Part of her refused to believe what’d happened last night, insisting the shower scene had been a wine-induced hallucination. Of course, if it had all been in her head, Ta
nnin certainly wouldn’t have left after one brief kiss. No way. He would have gotten naked and joined her, taken her to bed, and then told Rian he cared for her, so the frecking rules could go to hell.
But if she’d needed proof that last night’s brief encounter had been real, the heated, intimate smile Tannin had given her first thing this morning would have confirmed it. He looked a little rough around the edges, tired eyes and scruffy hair, but all the guys had turned up at breakfast sporting a similar appearance. Apparently it’d been a late night as they’d planned how they might get proof Isah Ayden was really a Reidar.
The two thugs took their hover-pallet and walked down the ramp as Rian went into the engine room to inspect the Imojenna’s latest upgrade. Tannin came over and leaned against the bulkhead next to her, brushing dust from his hands onto his pants. She bit her lip over a smile, enjoying having him near, wondering if she dared get closer, wondering how far she could push the boundaries before her brother worked out something was going on between them.
Rian paced around the parts as Jensen got down next to the main unit, pulling a panel off the side and looking in.

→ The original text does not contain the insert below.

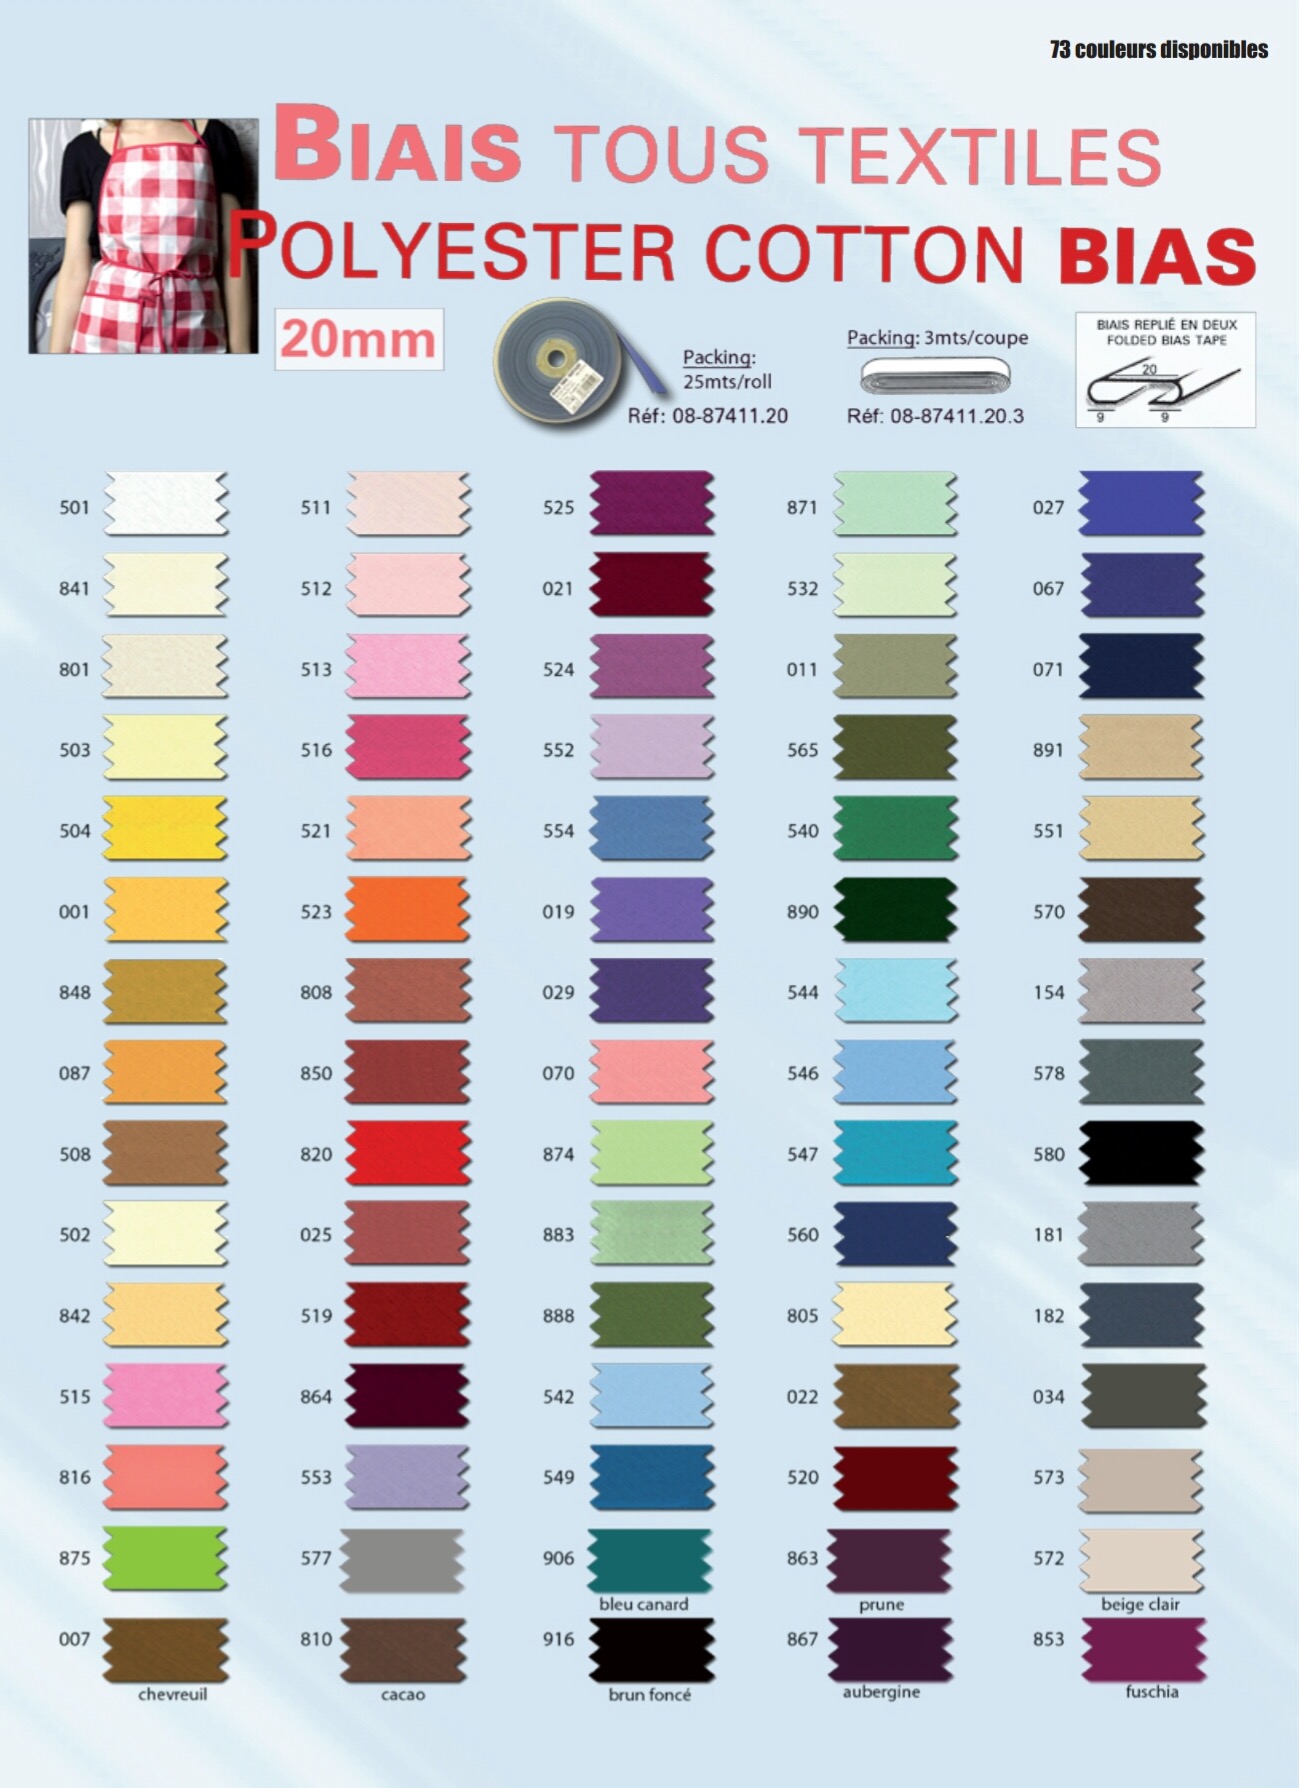 biais tous textiles 20mm polyester coton
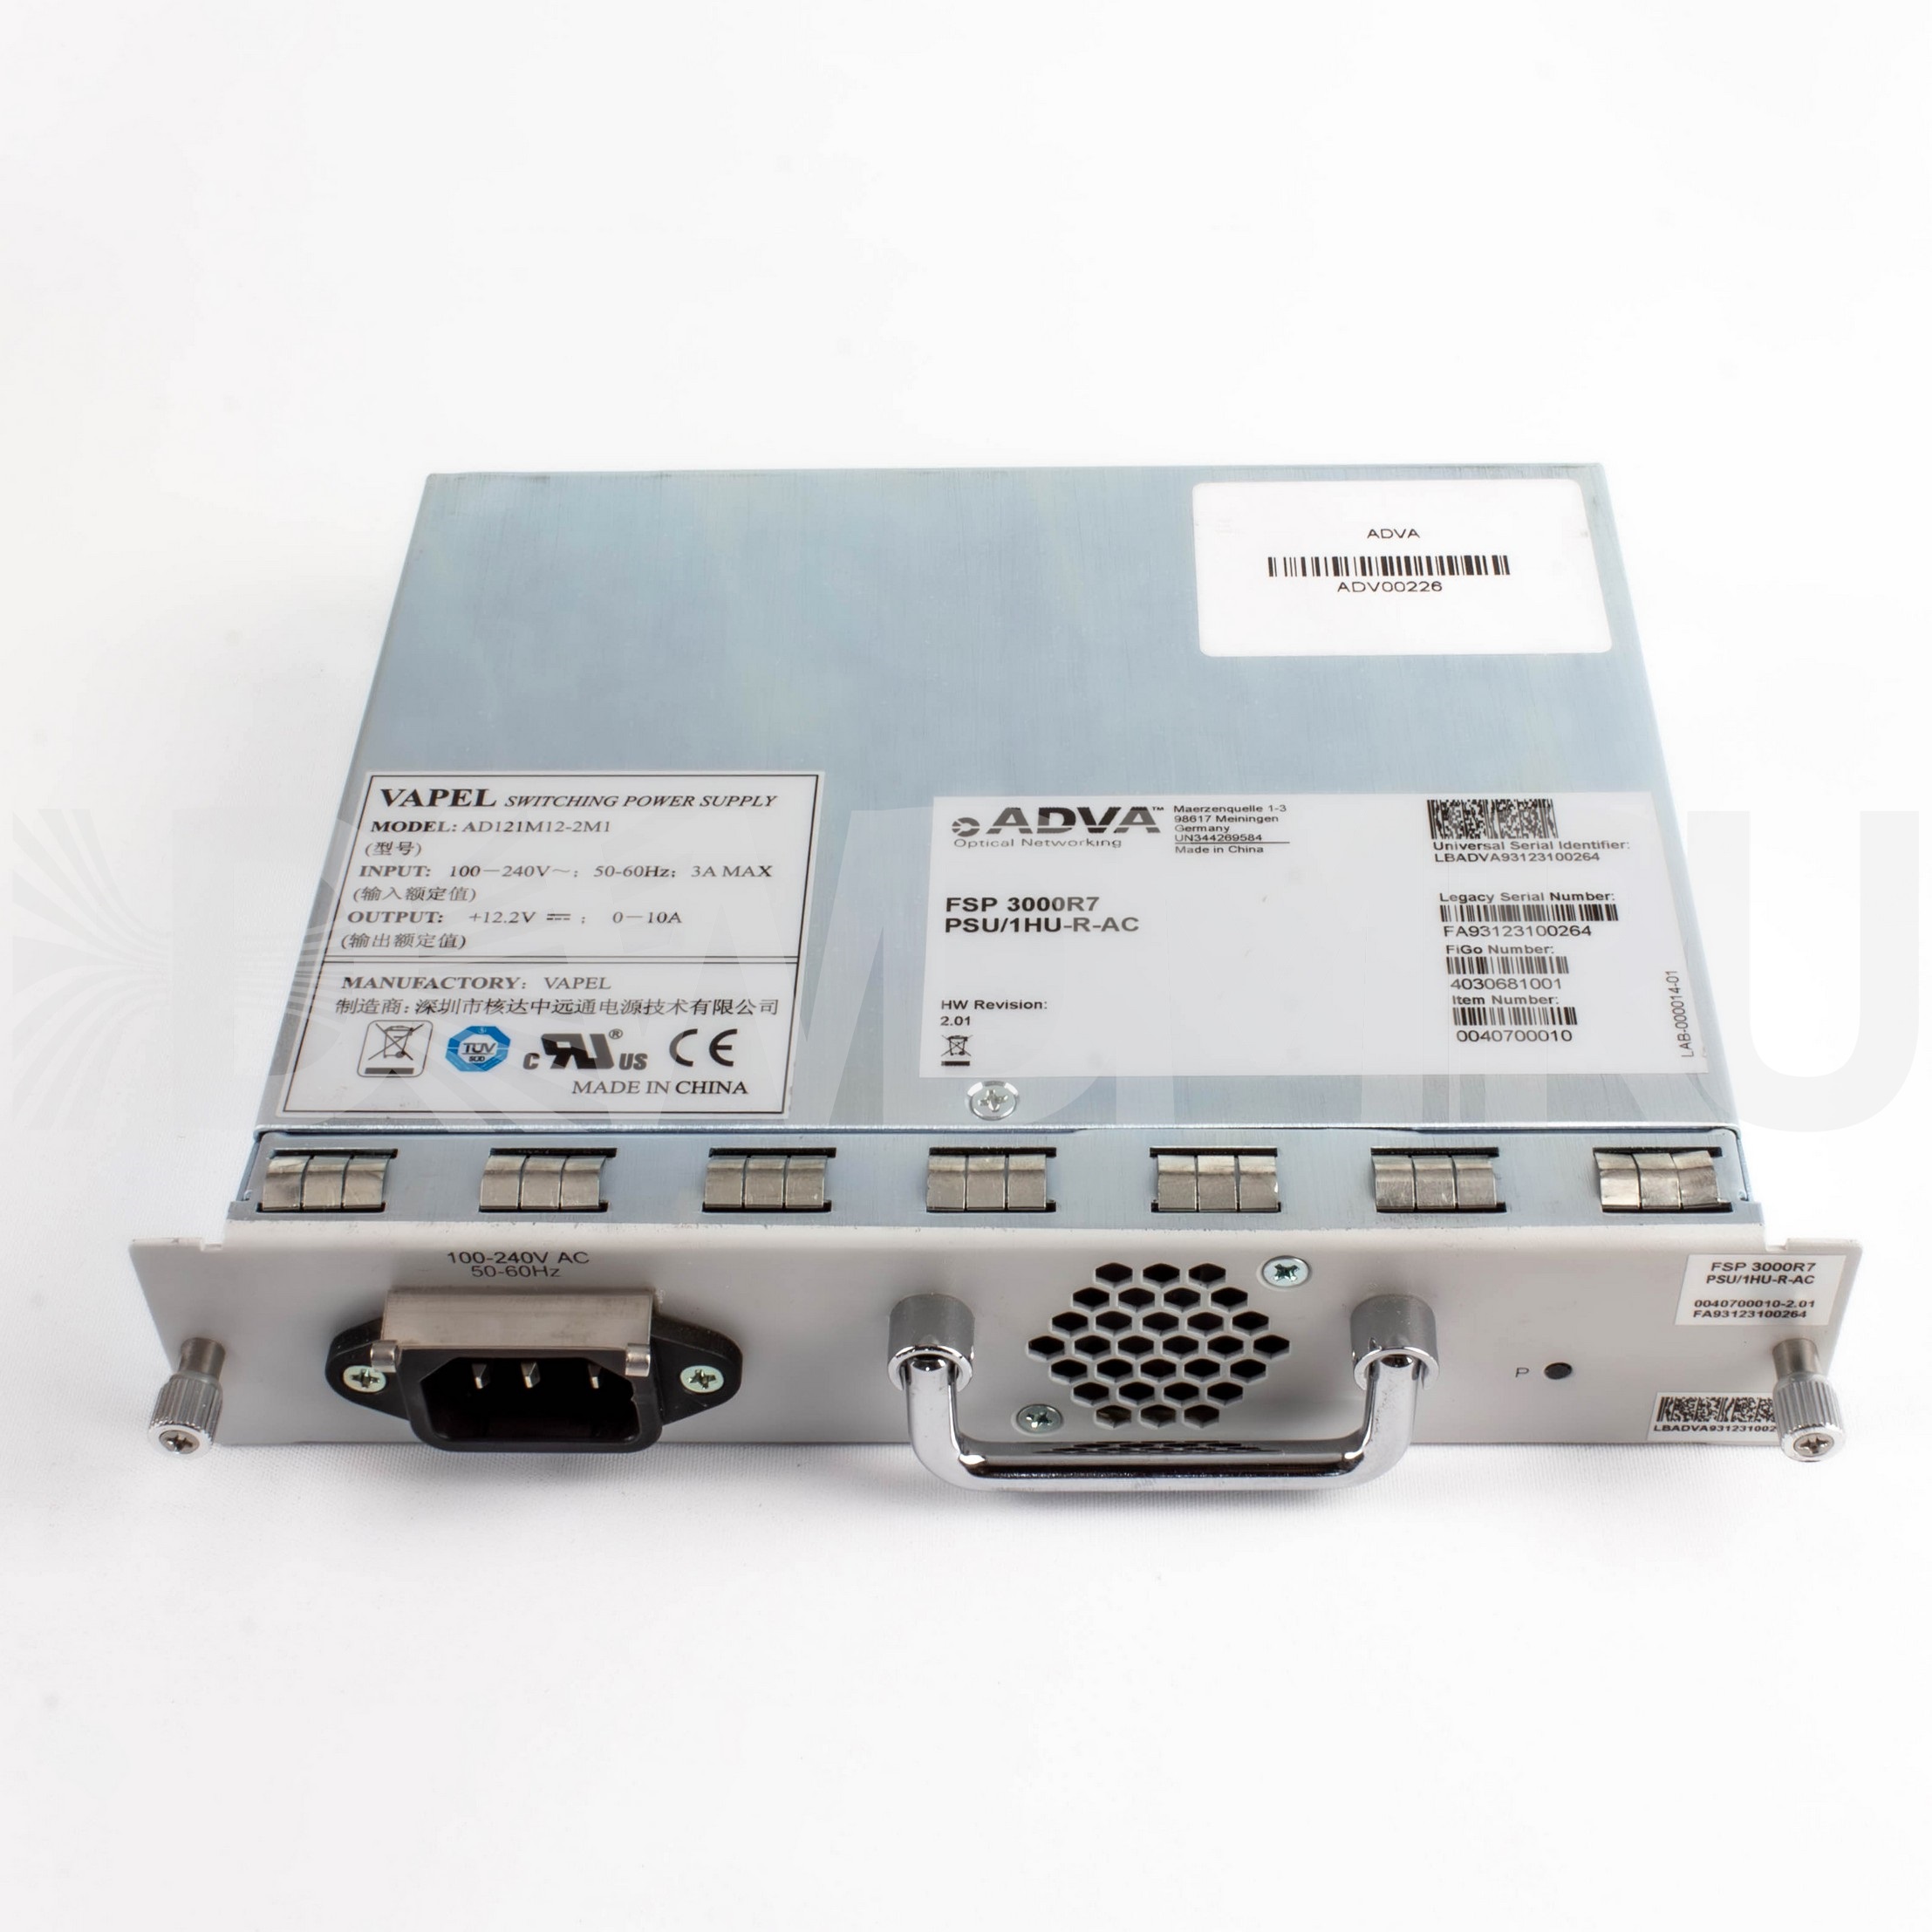 PSU/1HU-R-AC Power Supply Module (120W) AC for SH1HU-R ADVA Optical pn0040700010

“Let me guess. You want to know how long it’s going to take to install?” Jensen’s voice echoed a little from inside the shield generator.
Stopping once he’d completed a lap, Rian crouched down next to Jensen, bracing a hand against the shield’s outer armor.
Jensen continued, “If Lianna and I work through the night, we’ll have this installed at about this time tomorrow. Of course, then we’ll have to run sims and worst case scenario—”
“We’ll do that once we’re on the way to the Tetsu transit gate.” Rian pushed back to his feet.
“Why aren’t we going through the Rim gate?” Zahli asked as Rian walked back toward her.
“If we travel through a less-used gate, security is likely to be more lax and not notice any glitches in our authorization codes.”
Rian brushed past her, so she followed him out of the engine room, Tannin keeping up beside her. “And what are we supposed to do for food this month? Even the protein powder for the meal replicator is getting low.”